_What you need to do_
Find the line below with "7cac55a49f879 Nike Flex" and the line with "Buccellati Rombi 18-karat". Output them and the lines between, exactly, but not the pictures.

_Records for the exercise_
::::

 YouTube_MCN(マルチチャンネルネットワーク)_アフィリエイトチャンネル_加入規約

::::

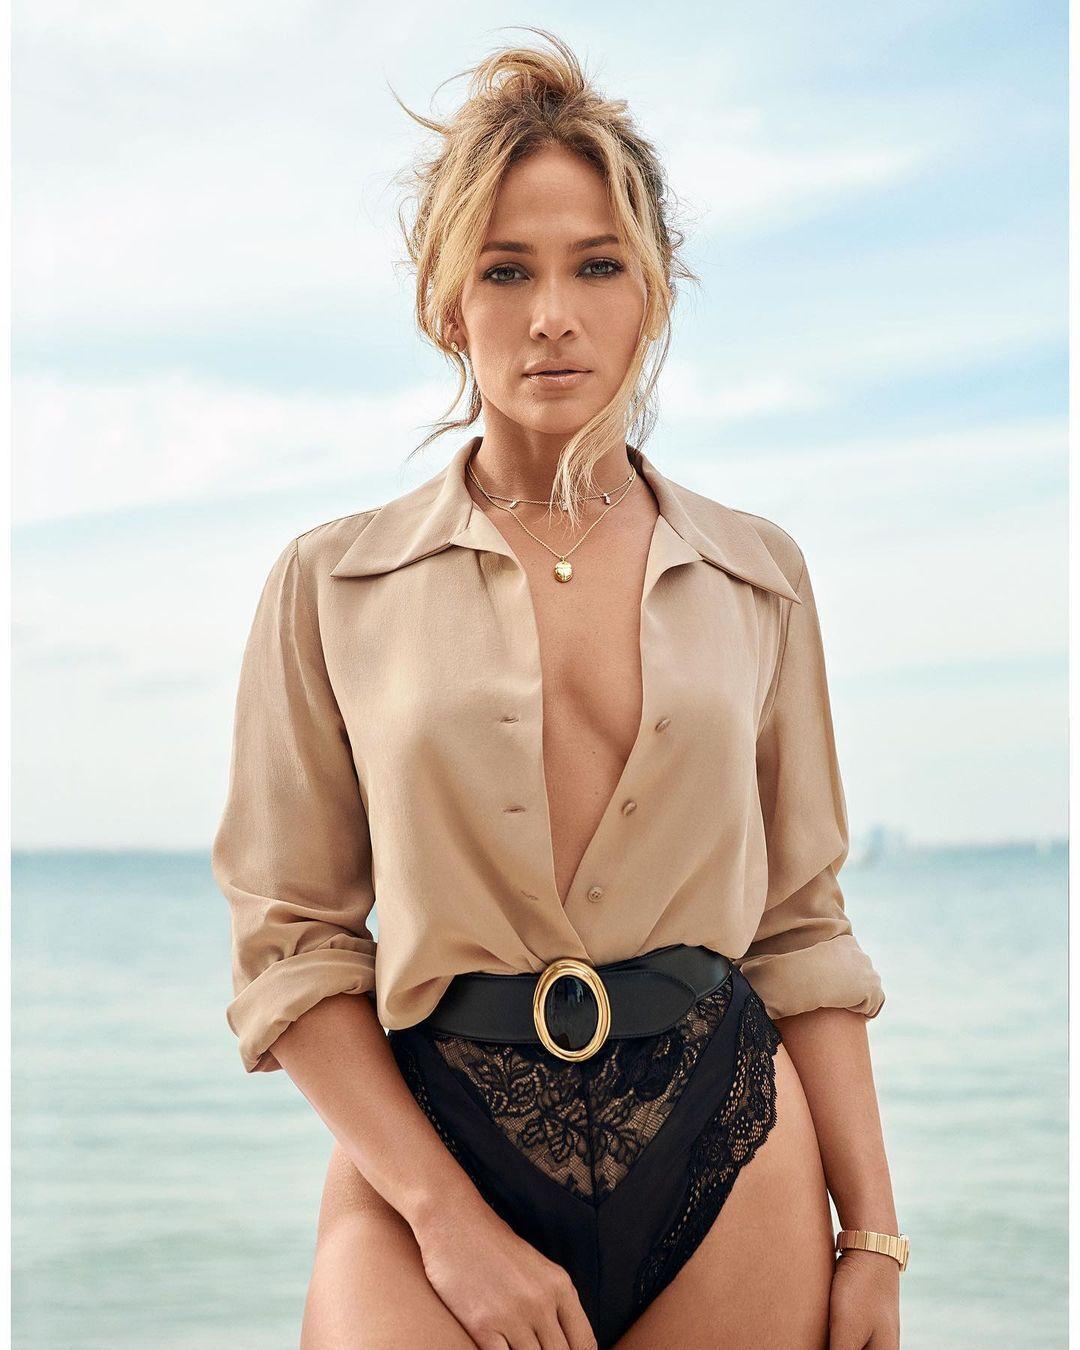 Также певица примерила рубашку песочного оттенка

::::

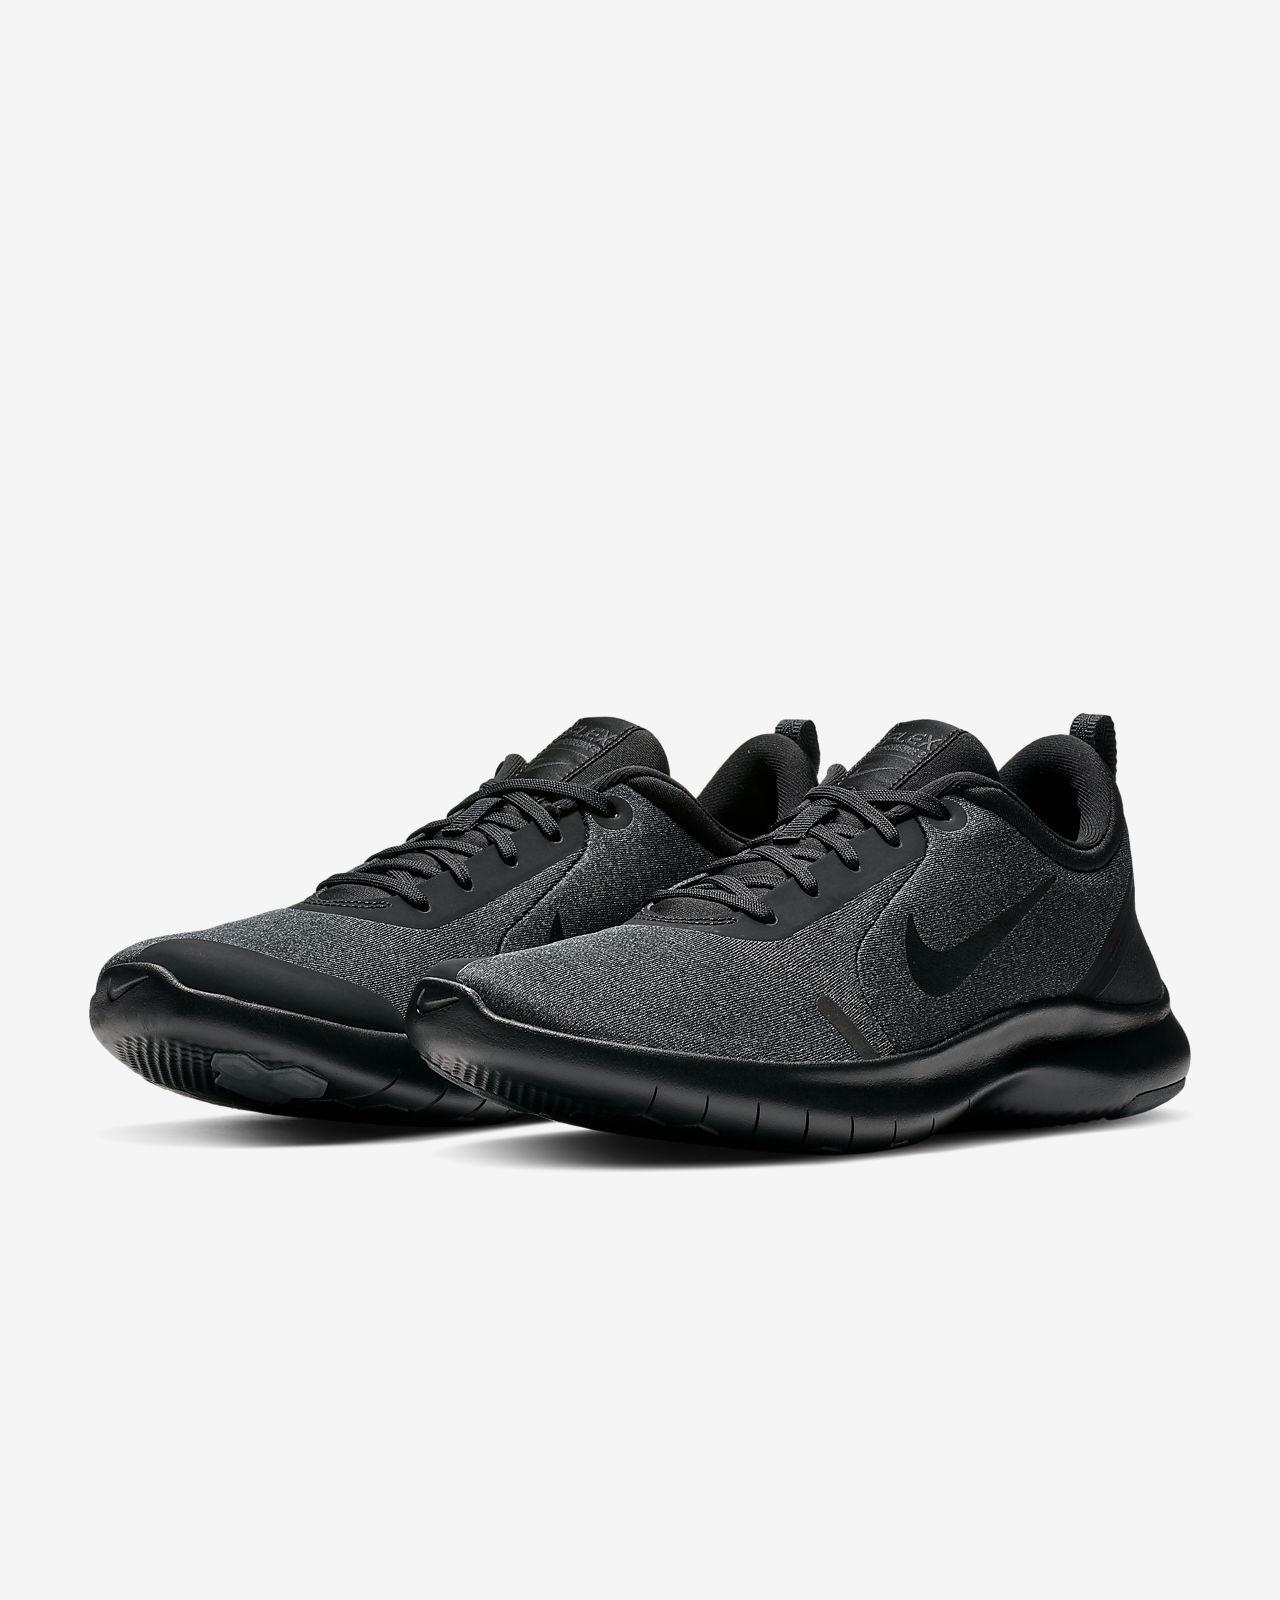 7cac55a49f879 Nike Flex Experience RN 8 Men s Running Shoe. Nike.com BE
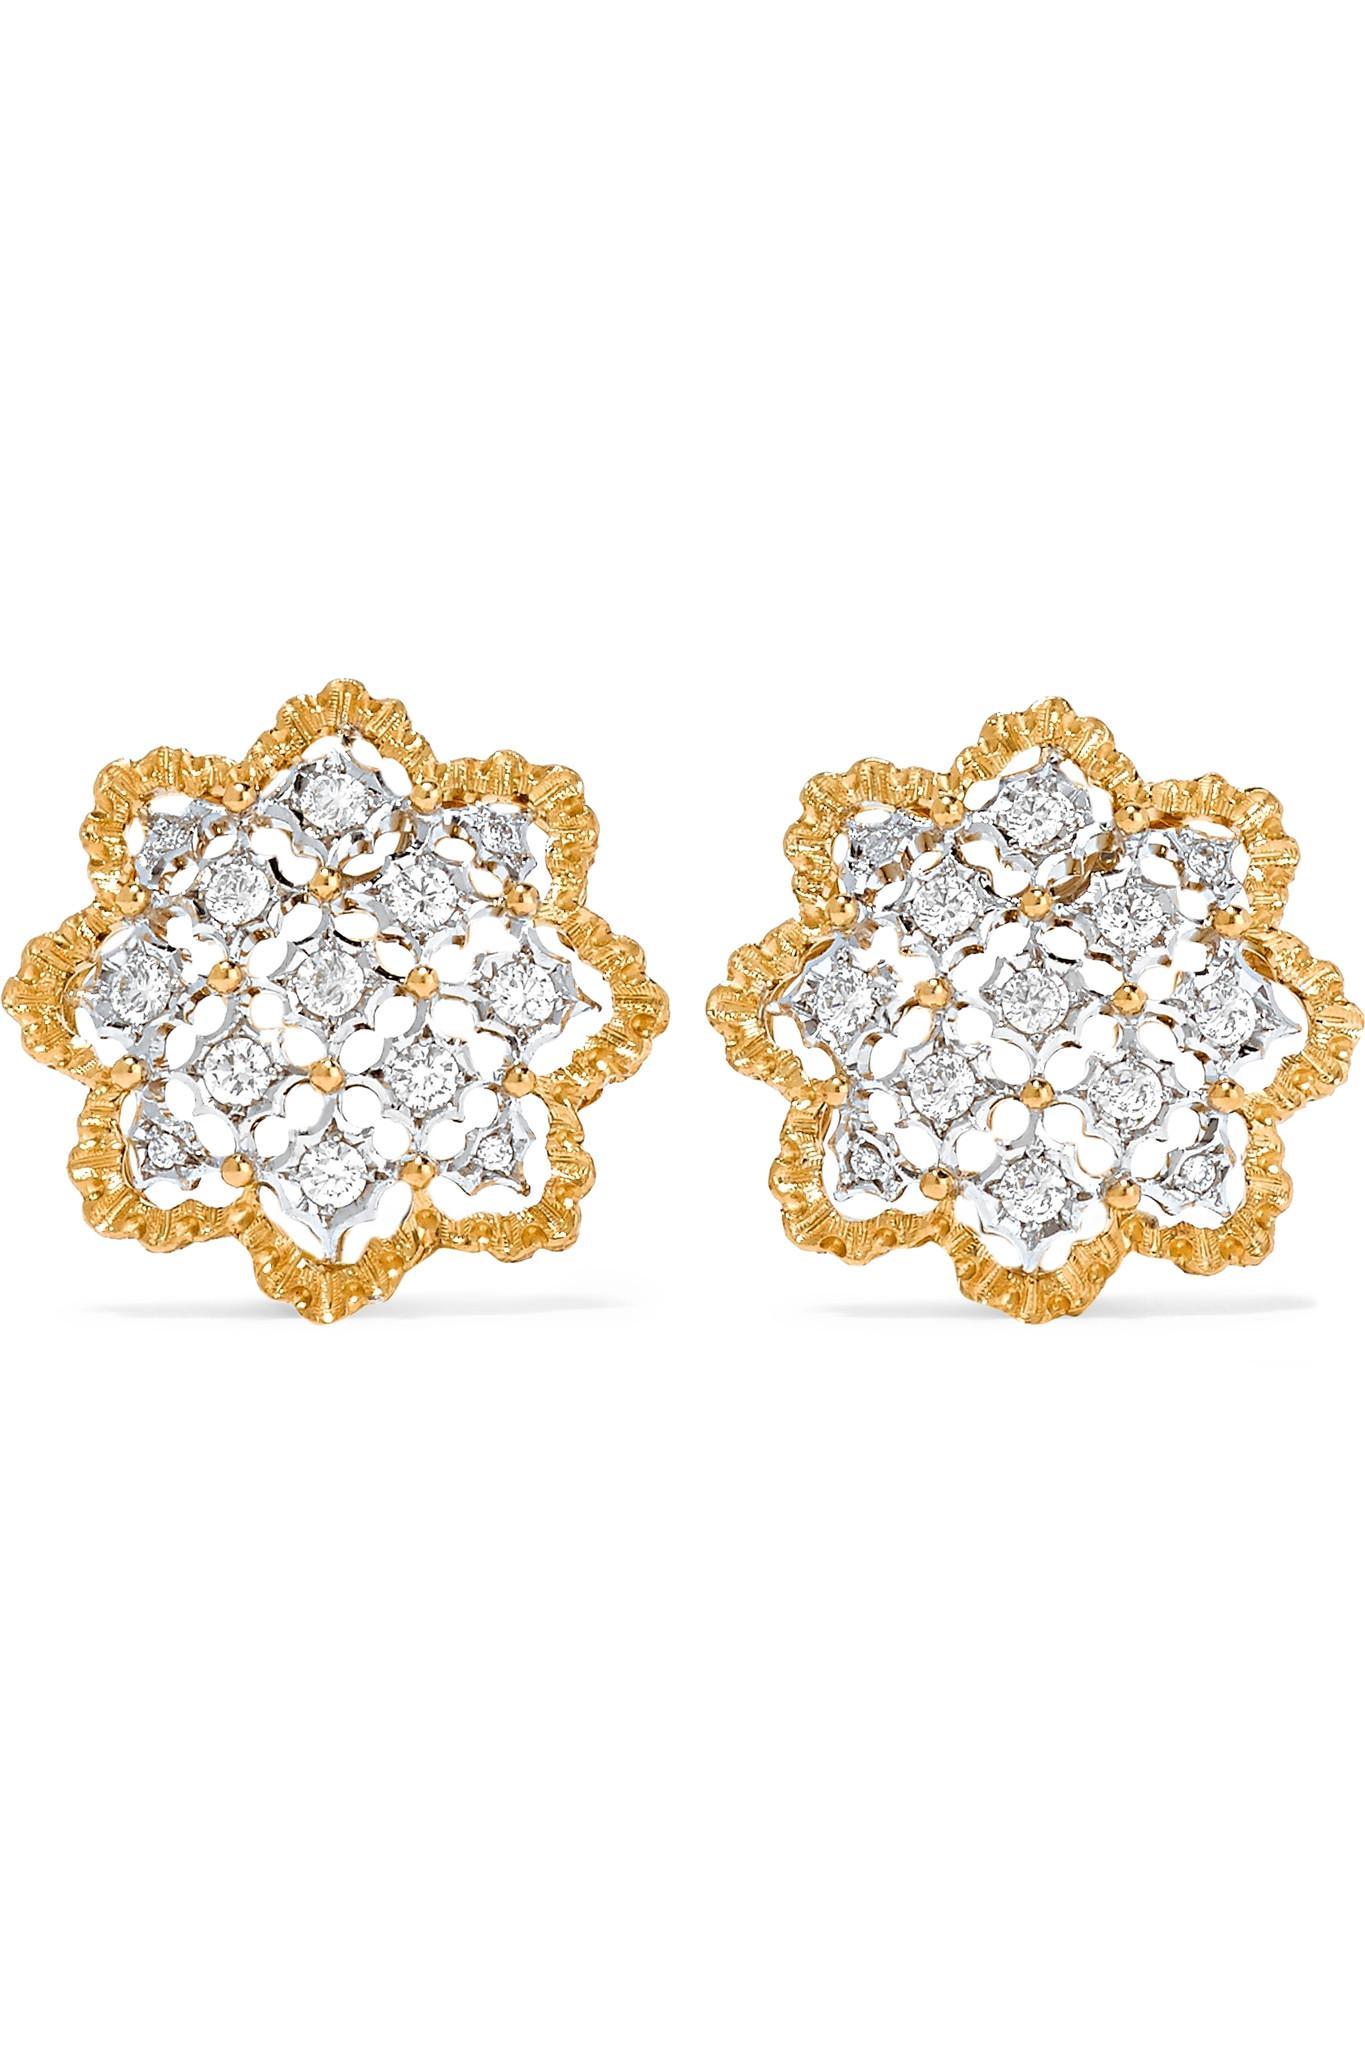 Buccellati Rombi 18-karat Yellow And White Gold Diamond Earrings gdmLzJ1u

::::

_Problem solution_
 7cac55a49f879 Nike Flex Experience RN 8 Men s Running Shoe. Nike.com BE
 Buccellati Rombi 18-karat Yellow And White Gold Diamond Earrings gdmLzJ1u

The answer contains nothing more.